At last check, just over half of Americans are vaccinated against the potentially lethal effects of COVID-19. The numbers are better for California (about 60 percent) and much better in San Mateo County, where 80 percent of people over the age of 12 are fully vaccinated with one of three vaccines either fully approved or approved for emergency use.

Late last month, the U.S. Food and Drug Administration gave full, robust approval for the Pfizer vaccine. That vaccine is the one most Americans have taken and, like a similar Moderna version, makes use of mRNA technology that is one of those groundbreaking moments in medicine that our grandchildren will read about in history books.

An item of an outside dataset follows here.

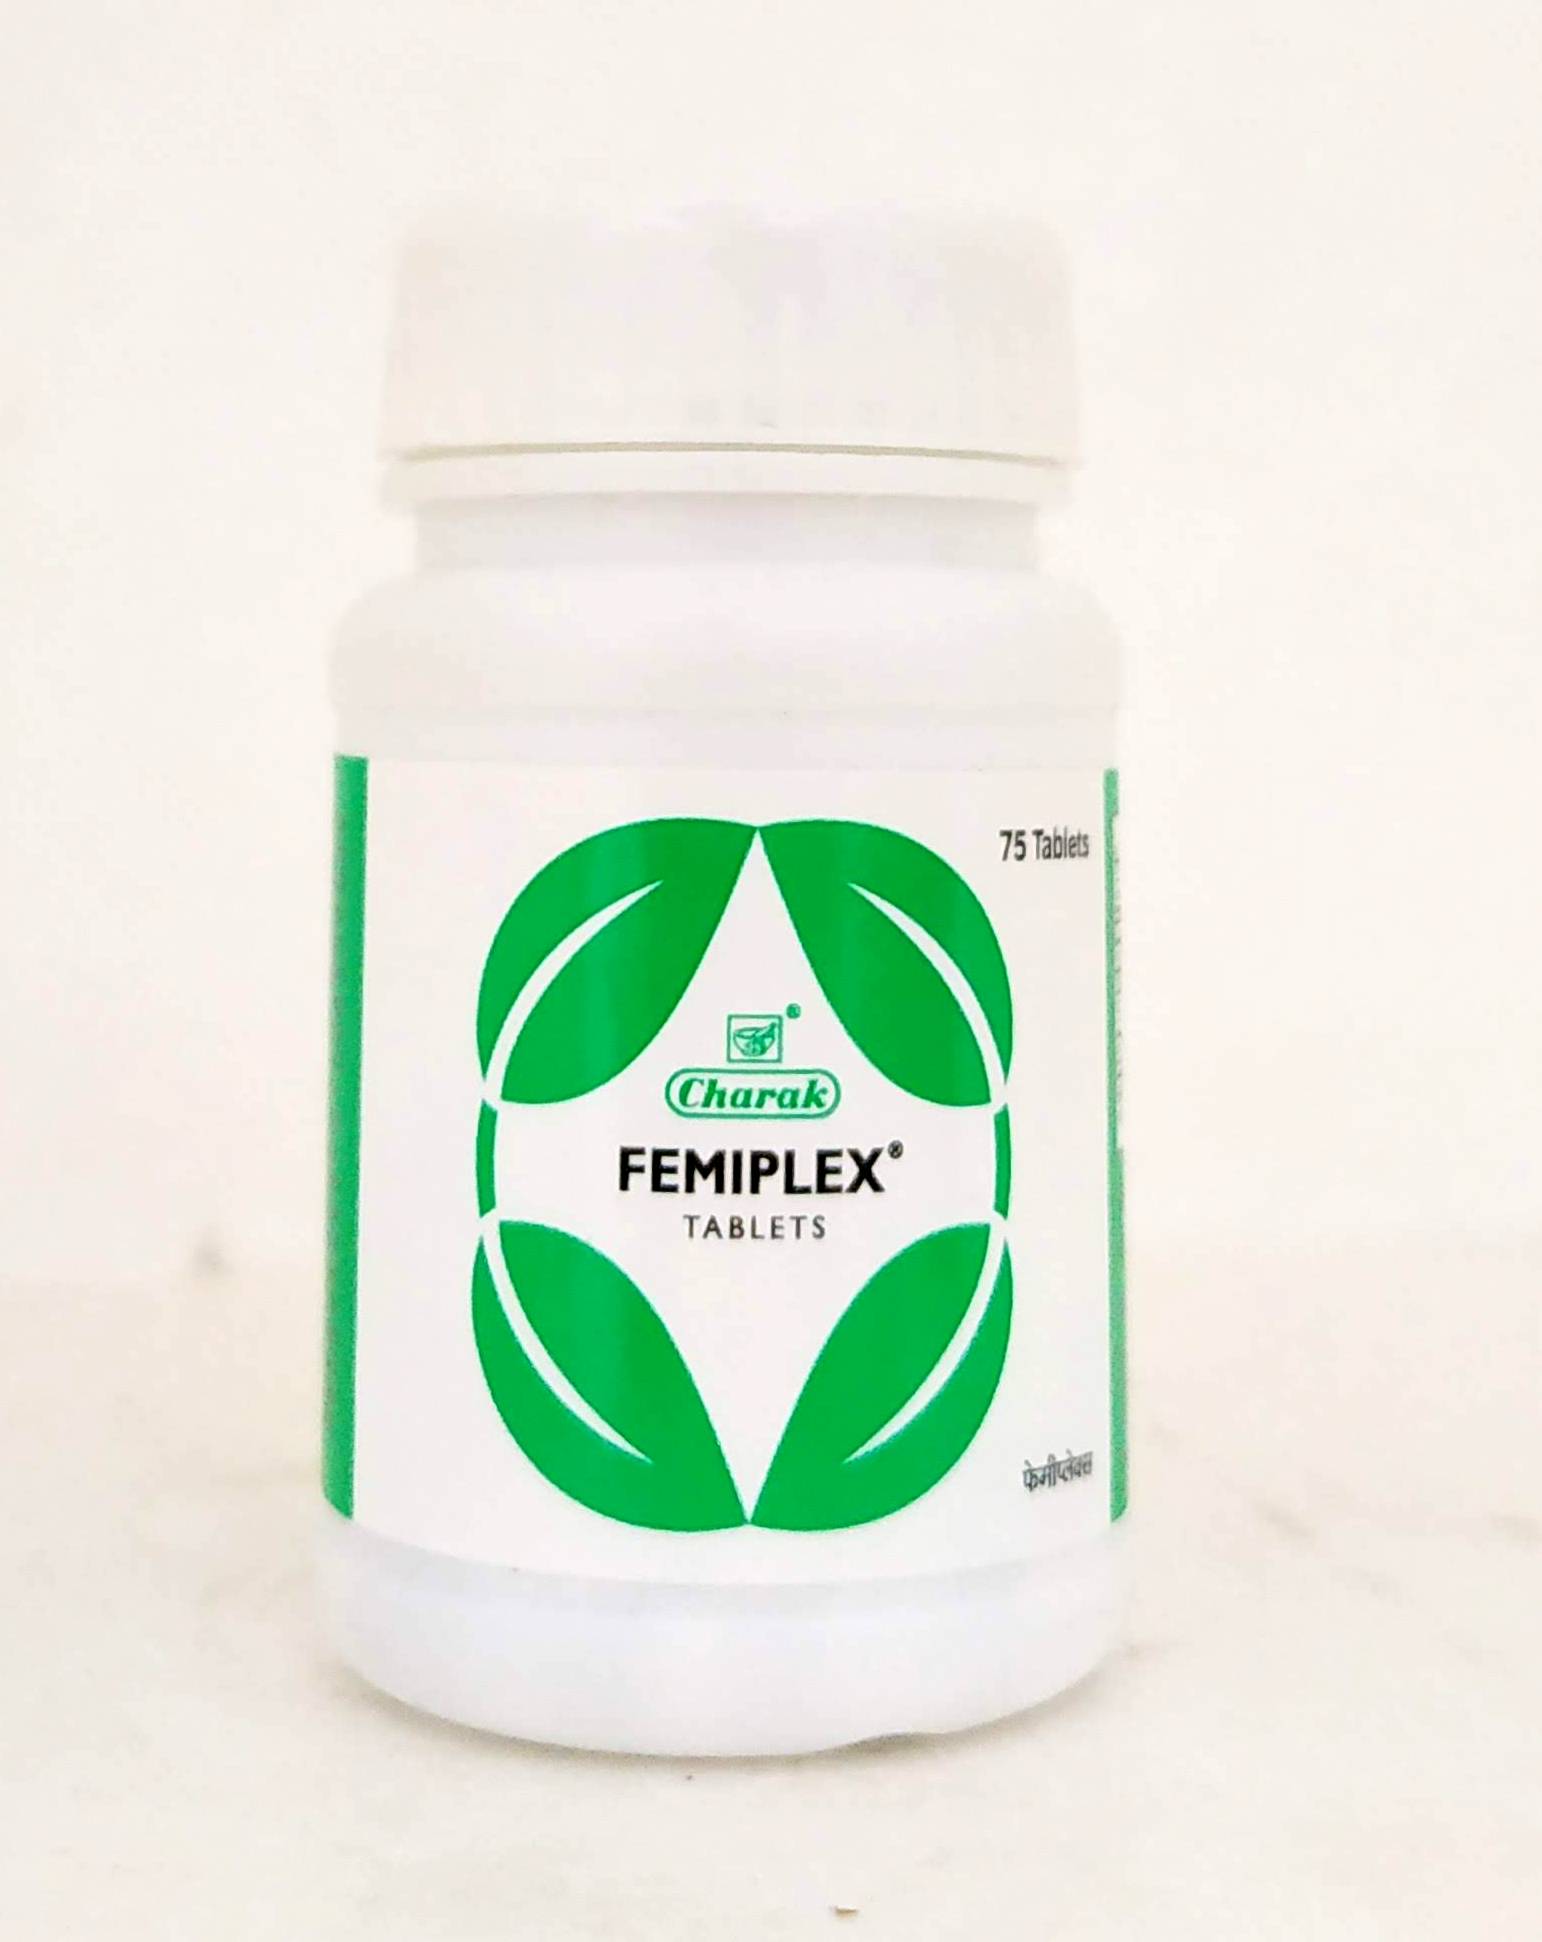 Shop Femiplex Tablets - 75Tablets at price 125.00 from Charak Online - Ayush Care

There are still people who are hesitant or simply won’t take a shot for this virus if their life depends on it… literally. But others have said that FDA approval was what they were waiting for. Regardless of what experts told them, a percentage of Americans felt in their hearts that the vaccine was rushed. It didn’t matter whether Joe Biden or Donald Trump told them it was safe and that they should roll up their sleeves. They wanted to wait until they were sure the vaccine was safe.

So, we can check off one more reason to say no.

This leaves the fringes. People who have convinced themselves that the vaccines don’t work because we have breakthrough infections. That they make you magnetic. That they cause infertility. That they lead to autism. Or that the virus itself is a ruse created so Bill Gates can implant Microsoft Office into our brains. Those believers constitute the lowest common denominators of our society. There will just be some who are blinded by conspiracy and overwhelmed by “information,” unable to determine what is real any more. We will just have to live — or die — with that.

Meanwhile, our lives lurch along. Coastside students are back in classrooms and trying their best. So far, the schools are reporting cases you can count on one hand. Last week, the Half Moon Bay High School varsity football game was postponed because of coronavirus cases at San Mateo High School. We hear various rumors of individuals who might have contracted the disease and may be spreading it. For reasons that should be obvious, we tread lightly over those. We ask about the most credible of those rumors and are confident local school officials are telling us the truth about case rates and equally sure they are doing everything they can to trace and isolate people in the path of the virus.

More of us are heading into the office. We’re venturing out to eat, for church services, to Labor Day gatherings … tentative steps that we hope take us toward a better day.

We now have the tools to get there. Mask up when in doubt. Get vaccinated if you haven’t already. Keep some distance. Stay tuned for information about potential boosters and the latest from trusted, real scientific experts like those at the Centers for Disease Control and Prevention and the San Mateo County Health Department. Encourage you’re your friends and family to do the same. We’re getting there. It’s time to lengthen those tentative steps into more determined strides.

— Clay Lambert

Clay Lambert is the editorial director for Coastside News Group. After years working at regional daily newspapers, he began as editor of the Half Moon Bay Review in 2004.